In 1999, the United Nations General Assembly declared 4–10 October as World Space Week. Pakistan is endeavoring to enter into the realm of Space Science & Technology and related applications. In past couple of decades IST has seen considerable advances in this field. The success of any space program relies greatly on public understanding and support. The IST in collaboration with the Space & Upper Atmosphere Research Commission National Space Agency (SUPARCO) is communicating the benefits of Space Technology to the public on a regular basis. The institute has pioneered the observation of the International World Space Week in Pakistan. Walks, lectures and seminars are arranged in schools and colleges of the Twin-City area by students of IST. The week culminates with a full day variety show at the Institute that includes space quiz, poster competitions, space cinema and a musical concert.
- IST Culture Fest
IST Culture fest is one of its kind two days event held at IST in June 2022. The event consisted of series of fun-filled and interesting events including Concert, Mushaira, Dramy-Bazian and Voice Alpha.

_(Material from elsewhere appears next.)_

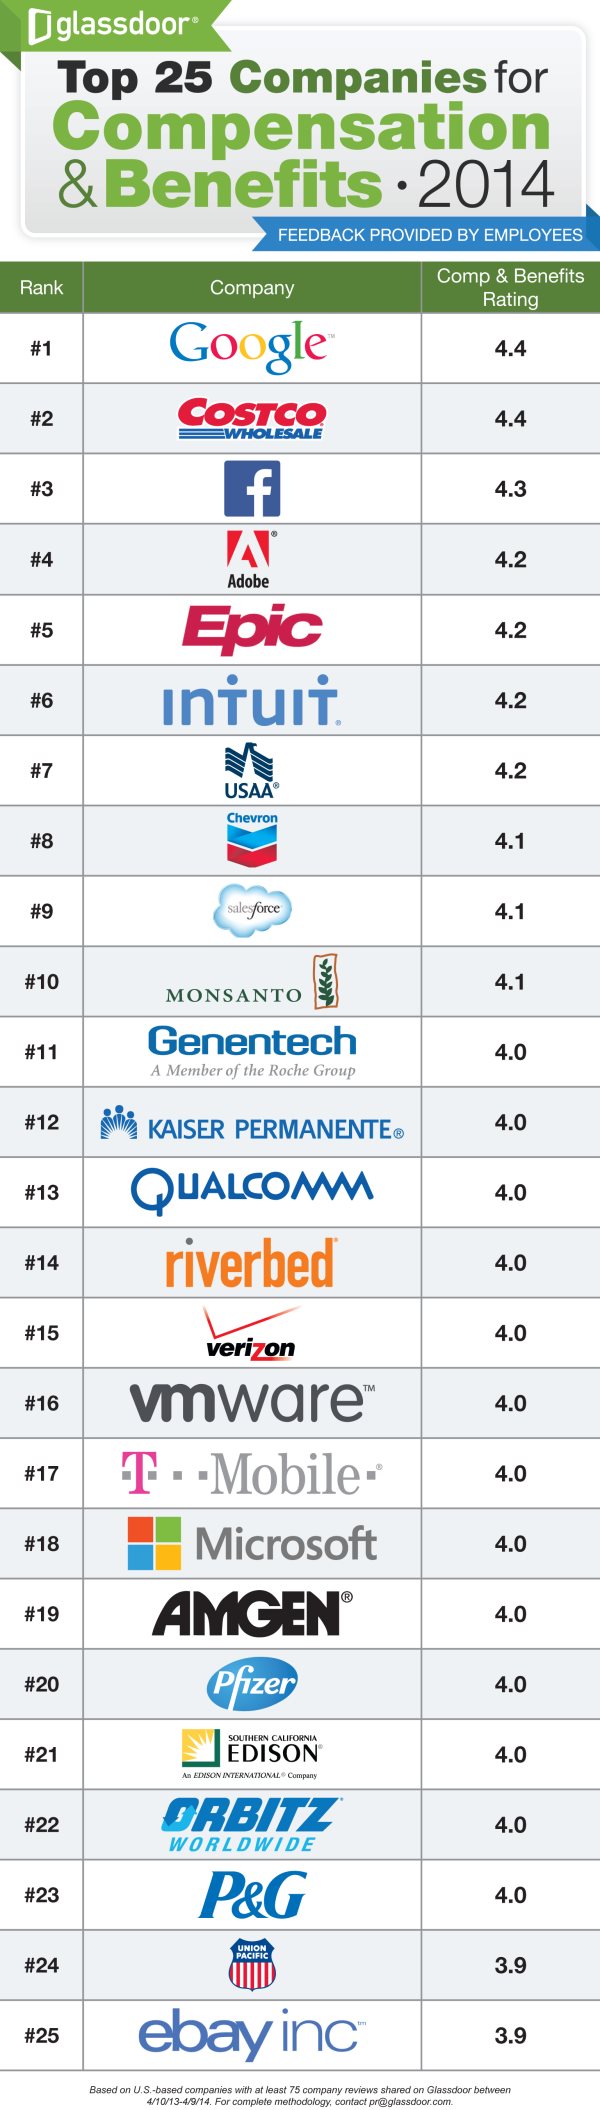 Glassdoor Top 25 Companies for Compensation & Benefits 2014

==ICUBE - IST CubeSat Program==

===ICube-1===
Institute of Space Technology on 21 November 2013, launched Pakistan's first Cubesat satellite, ICUBE-1, onboard Dnepr launch vehicle from Yasny launch base, Russia. Its transmitted signal can be heard on VHF band. It has a mass of 1.1 kg & has a volume of 10 cm cube, it houses several sensors to collect data for scientific purposes. ICUBE-1 is a fully autonomous satellite and is capable of maintaining its health via its on-board computer. ICUBE-1 will open up a wide range of future experiments that can be carried on Cubesat in the domain of imaging, microgravity, biology, nanotechnology, space dynamics, chemistry, space physics and various other fields.
===ICube-Q===
IST in coordination with SUPARCO developed a cube satellite for the observation of the Moon, which was launched on 3 May 2024 on China's Long March 5 Y8 rocket from Wenchang Space Launch Site. The mission objectives included obtaining detailed images of the lunar surface and conducting intelligent on-orbit data processing of images, obtaining lunar magnetic field data and establish lunar magnetic field model and verifying new technologies such as nanosatellite-level deep space lunar-ground communications and low-cost deep space exploration based on micro-nano satellites.